• 14 Ağustos 2021 02:08
  • 0
  • 2 DAKİKA OKUMA SÜRESİ

Şirket kurtarma

Bu yazıyı dinleyin
Fehmi Köfteoğlu 14 Ağustos 2021 Şirket kurtarma

Dünya Sağlık Örgütü’nün (WHO) 11 Mart 2020’de covid-19 virüsünün dünya çapında salgın anlamında “pandemi” olarak kabul edildiğini açıklamasının üzerinden 17 ay geçti.

Seyahat endüstrisi pandemiden en ağır darbeyi yedi.

Turist gönderen kaynak ülkeler ve turist alan destinasyonlarda şirketler zor durumda.

Daha önce kamuya karşı kişisel çıkarı öne çıkaranlar “Bırakın yapsınlar bırakın geçsinler” derken şimdi “Kurtar bizi devlet baba” diye sıraya girdi.

Turist gönderen ve alan ülkelerde şirket kurtarmaları yaşanıyor.

Kamu eliyle şirket kurtarılmasına prensip olarak karşı çıkmak gerekir.

Kamu kaynaklarının toplumsal faaliyet yerine kişilerin kurtarılmasında kullanılması yanlıştır ve ideolojik yaklaşım ötesinde, bir gerçeklik olarak buna karşı çıkılmalıdır.

Bu yaklaşım nasıl bir gerçeği ifade ediyorsa olağanüstü dönemlerin olağan yöntemlerle aşılamayacağı da bir gerçektir.

17 aydır yaşanan ve nereye varacağı, hangi sonuçlar yaratacağı henüz kestirilemeyen yüzyılın sorunu pandemi olağanüstü bir durumdur.

Dolayısıyla her alanda olduğu gibi seyahat endüstrisinde de bu olağanüstü dönemde ortaya çıkan sorunlara olağan ortamdan farklı yaklaşmak gerekir.

Seyahat endüstrisinin en büyük pazarı Almanya ve İngiltere başta olmak üzere diğer ülkelerde yaşanan sorunlar ve alınması gereken önlemler ile getirilen düzenleme ve yapılan uygulamalar da böyle olmalı.

Bu noktada liberalizmin iflas eden “Bırakın yapsınlar bırakın geçsinler” teorisi yerine kamu yönetiminin devreye girmesi, kişi, grup aile kurtarmak için değil toplum ve ülke çıkarı temelinde olmalı.

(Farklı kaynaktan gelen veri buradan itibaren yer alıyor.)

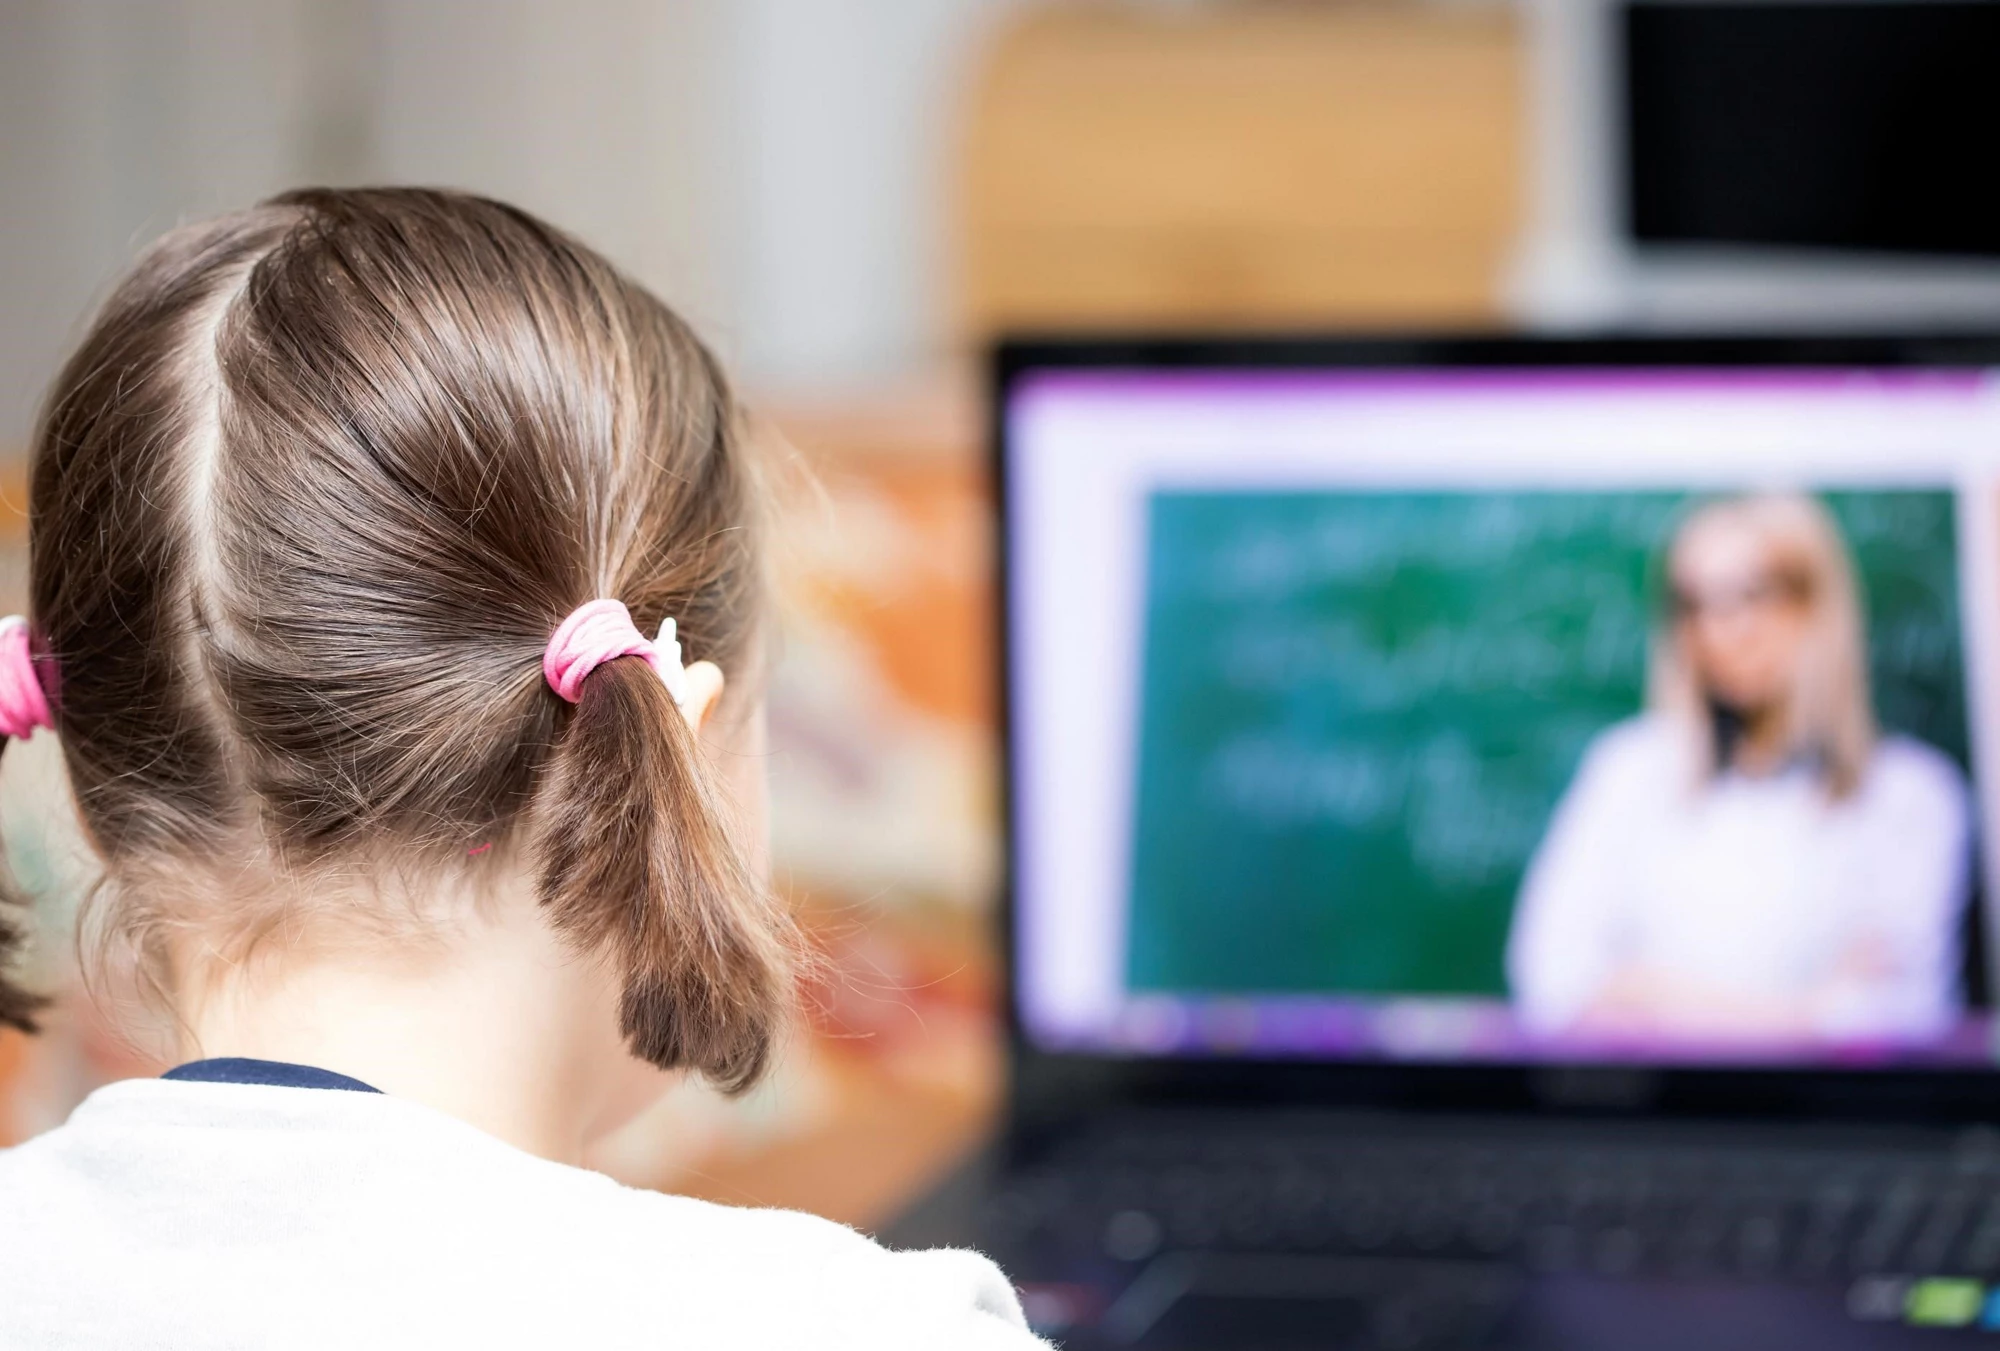 School girl watching online education classes and doing school homework. COVID-19 pandemic forces children online learning. Photo credit: Shutterstock

Burada esas olan şirket değil, yarattığı istidam, sağladığı sosyal dönüşüm, ülke ekonomisine katkısı tartışılmayacak kadar önemli olan sektörün çıkarıdır.

Bu kapsamda Almanya, İspanya ve Türkiye’de kamu eliyle yapılanlar doğrudur.

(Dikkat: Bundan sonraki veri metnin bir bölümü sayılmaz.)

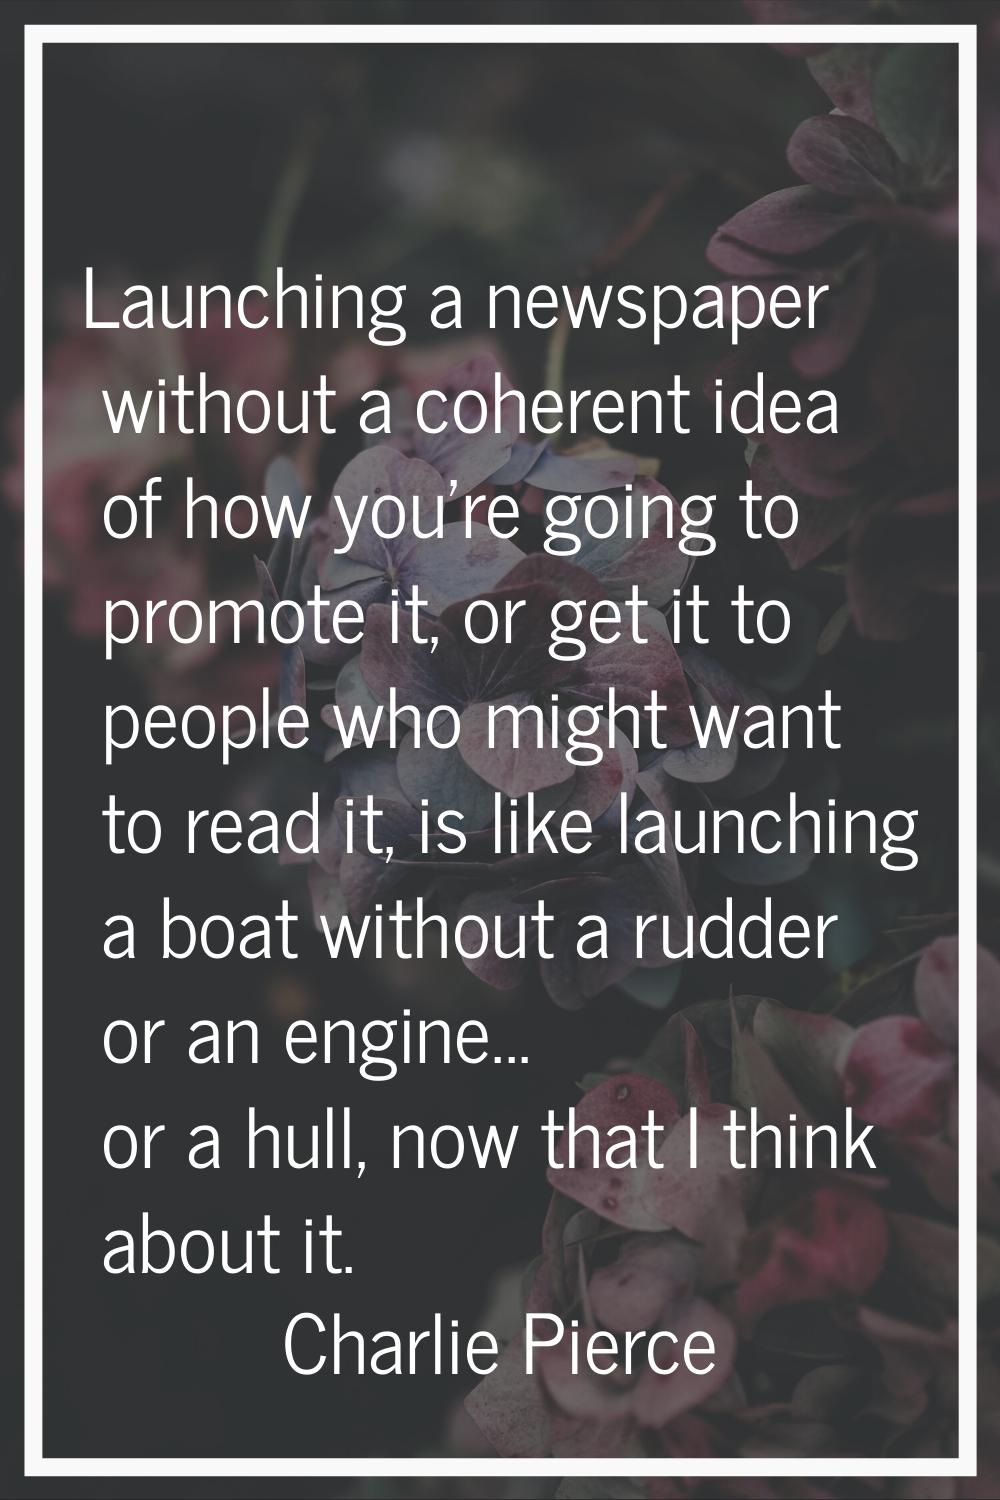 Launching a newspaper without a coherent idea of how you're going to promote it, or get it to peopl

Yapılanlara karşı çıkmak yerine sektörün yalnız büyüklerden oluşmadığı gerçeğini anımsatıp onlarca büyük firmaya sağlanan desteğin yüzde 10’u kadarlık bir miktarın yüzlerce firmaya sağlanması istenmelidir.

Hatta büyüklere kredi olarak sağlanan desteğin küçüklere hibe olarak sağlanması kamunun sosyal sorumluluğu olduğu gibi sektörün ve ekonominin gereğidir

Zira diğer alanlarda olduğu gibi seyahat endüstrisi de yalnız büyüklerden ibaret değil.